DOMINGO III DE PASCUA (Hch 3, 13-15.17-19; Sal 4, 2-9; 1Jn 2, 1-5a; Lc 24, 35-48)

La presencia del resucitado acontece en los evangelios en el marco de un mundo oscurecido por el mal, por la culpa, por el vacío. Su presencia se va haciendo sitio en este mundo envuelto en tinieblas de múltiples caras. Todo sucede como si la luz de vida y amor con la que Dios quiso envolver su creación desde el primer día, se hubiera eclipsado con la muerte de Jesús.

Quien conoce el mundo en su vitalidad, en sus posibilidades, en sus afectos, sobre todo quien lo conoce de la mano de Cristo, antes o después se topa con la tristeza de sentirlo atravesado por una resistencia que parece destruir todo lo bueno o no dejarlo nacer. Cuanta más luz de vida experimentada, mas tristeza de muerte sentida.

Es en este camino de alegrías entenebrecidas donde los discípulos han encontrado a Jesús y donde han sido renovados, y es esto lo que cuentan: su nueva presencia les ha renovado con el aliento de la esperanza, con pan de la vitalidad eterna, con vino de una alegría que desborda todo dolor. Jesús, en este camino, ha enseñado a sus discípulos las heridas mortales de su cuerpo llenas de vida para que en ellas las suyas no les roben la vida, les muestra su presencia traicionada y ofrecida de nuevo para que bajo su sombra no desesperen bajo el peso de la culpa.
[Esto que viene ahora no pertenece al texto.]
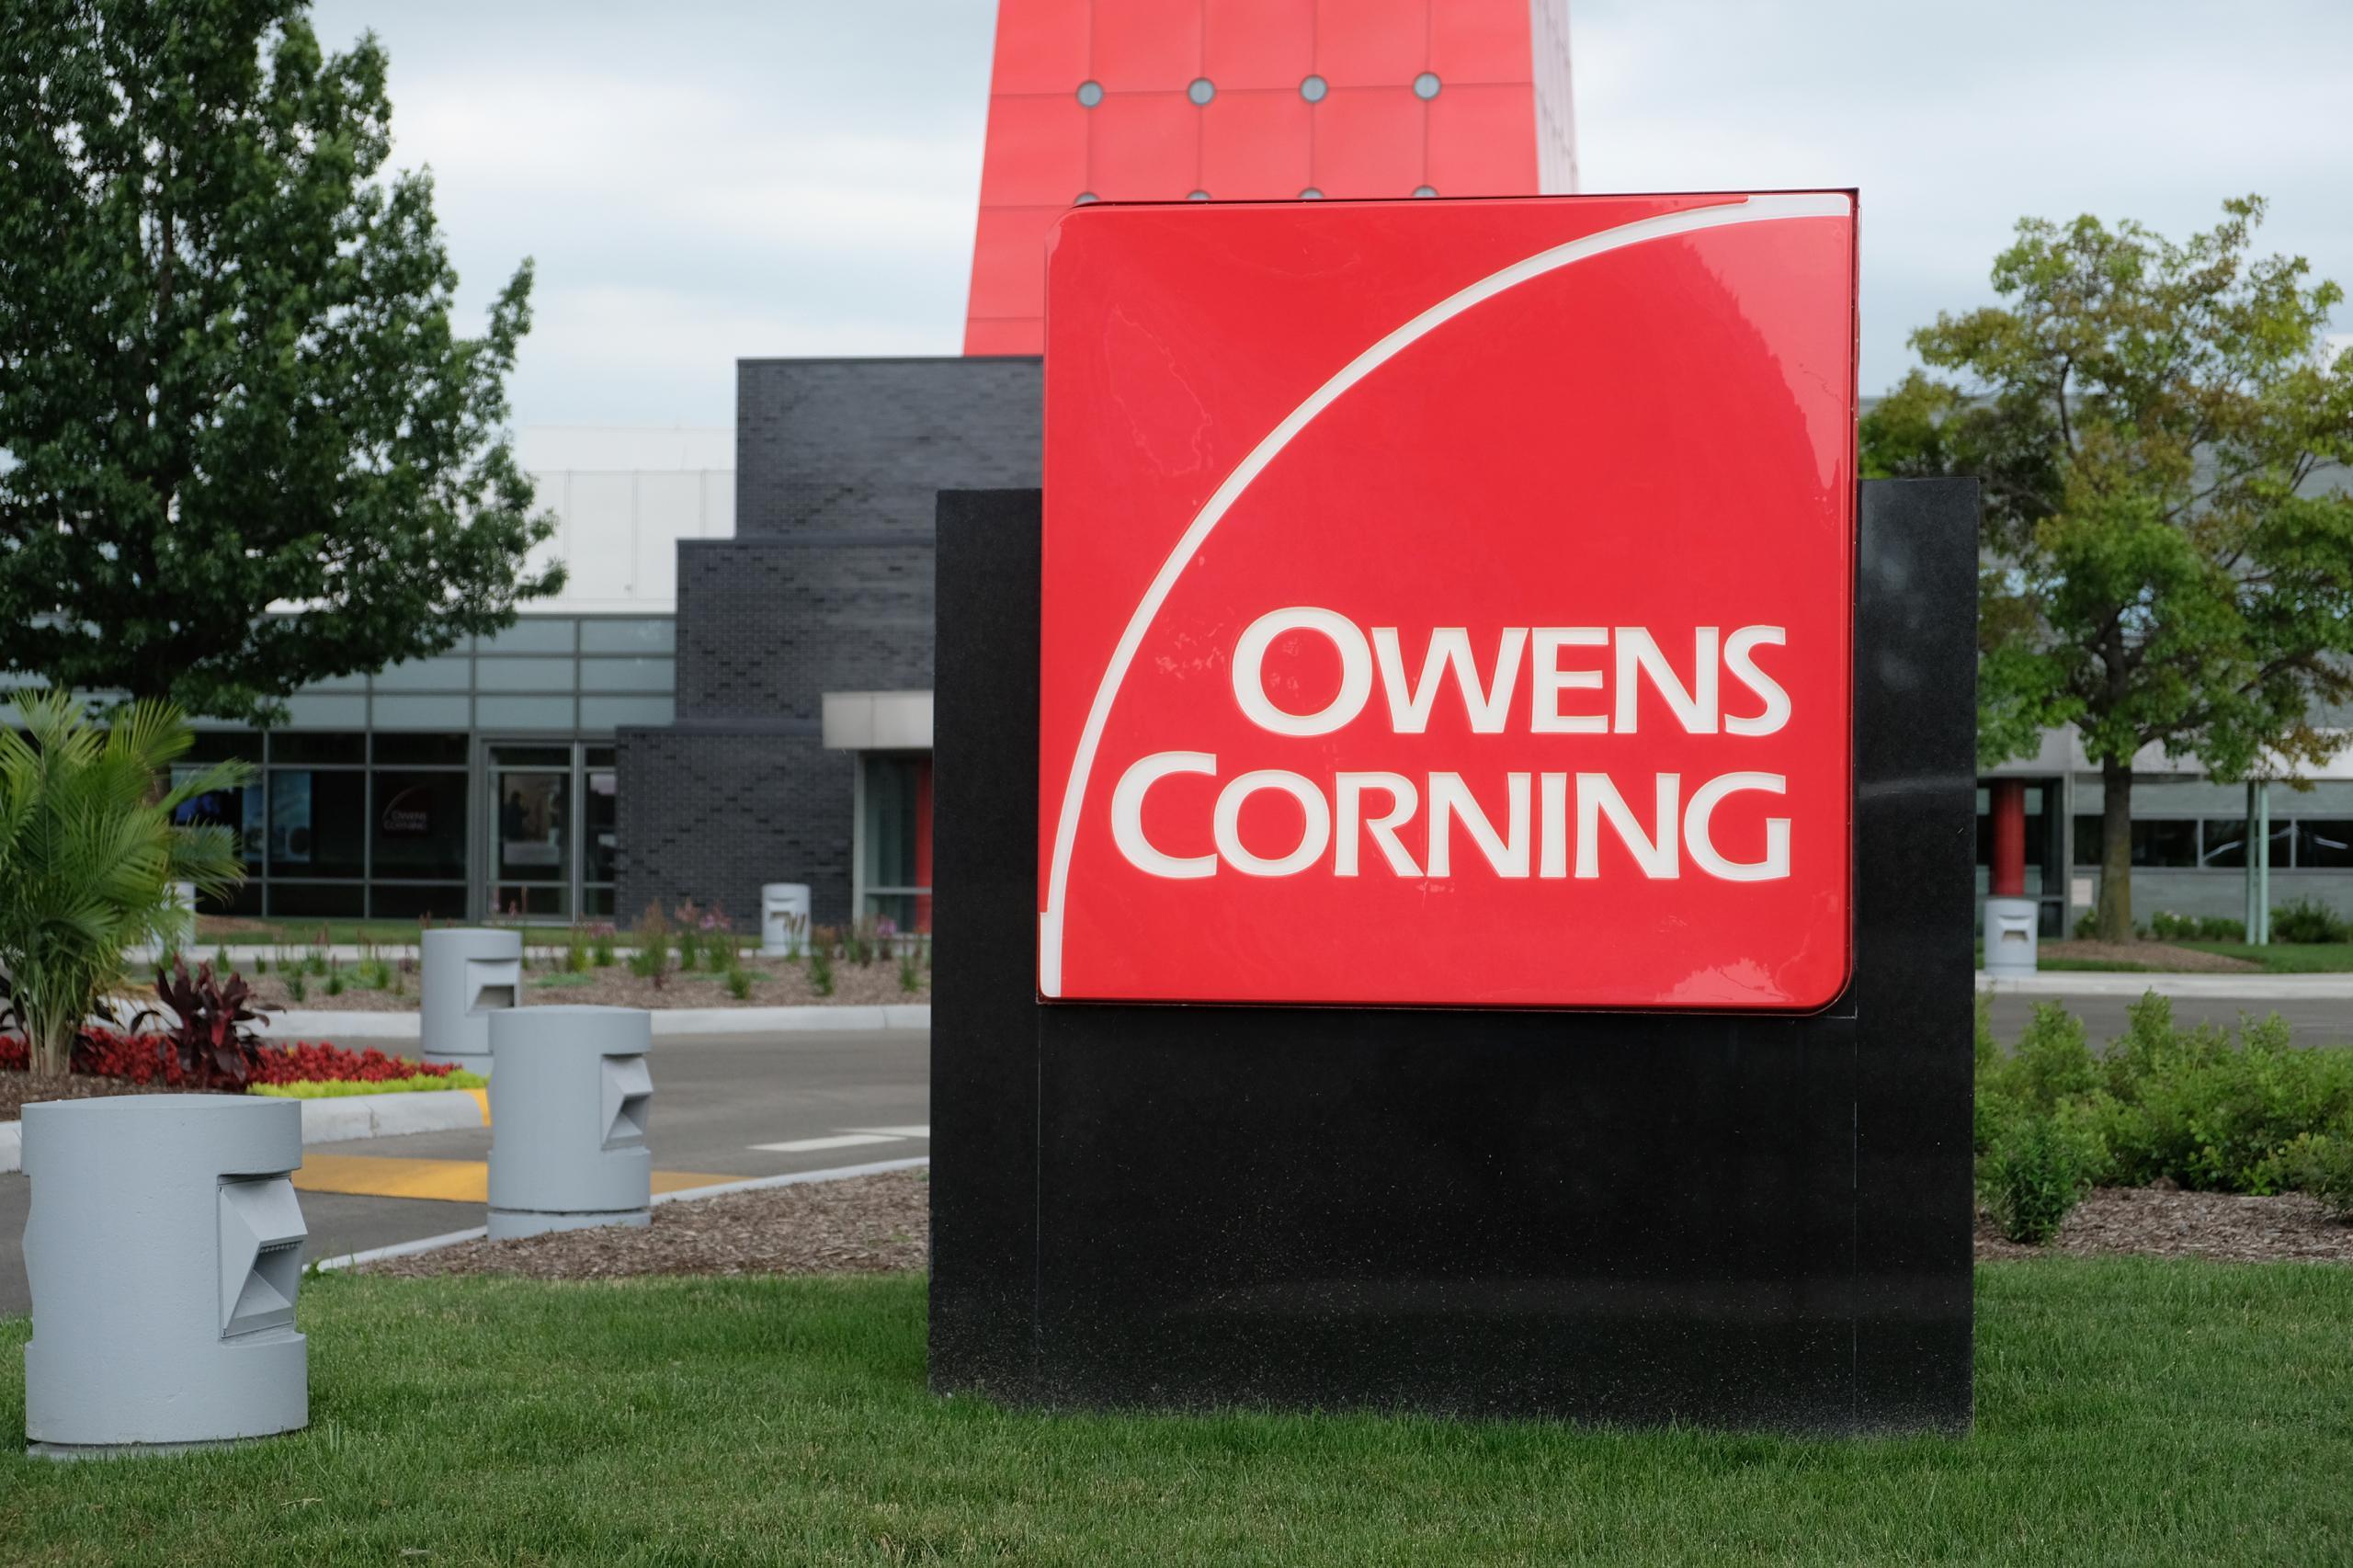 Entrance to Owens Corning's corporate headquarters in Toledo, Ohio.

Y ahora ellos es como si pudieran ver el sol en medio de la noche.

En el Salmo de hoy se escucha: “¿Quién nos hará ver la dicha si la luz de tu rostro ha huido de nosotros?”, pero los discípulos sobrepuestos no dejan de contar o de proclamar: ¿Quién nos apartará de la alegría si la luz de tu rostro, venciendo todo eclipse, se ha entregado viva a nuestros ojos?


Pintura: Jesús resucitado, The Benedictine Sisters of Turvey Abbey

Comentarios

Entradas populares de este blog

LA CELDA. Jornada pro orantibus - 2023

Los ángeles de la noche (cuento de Navidad)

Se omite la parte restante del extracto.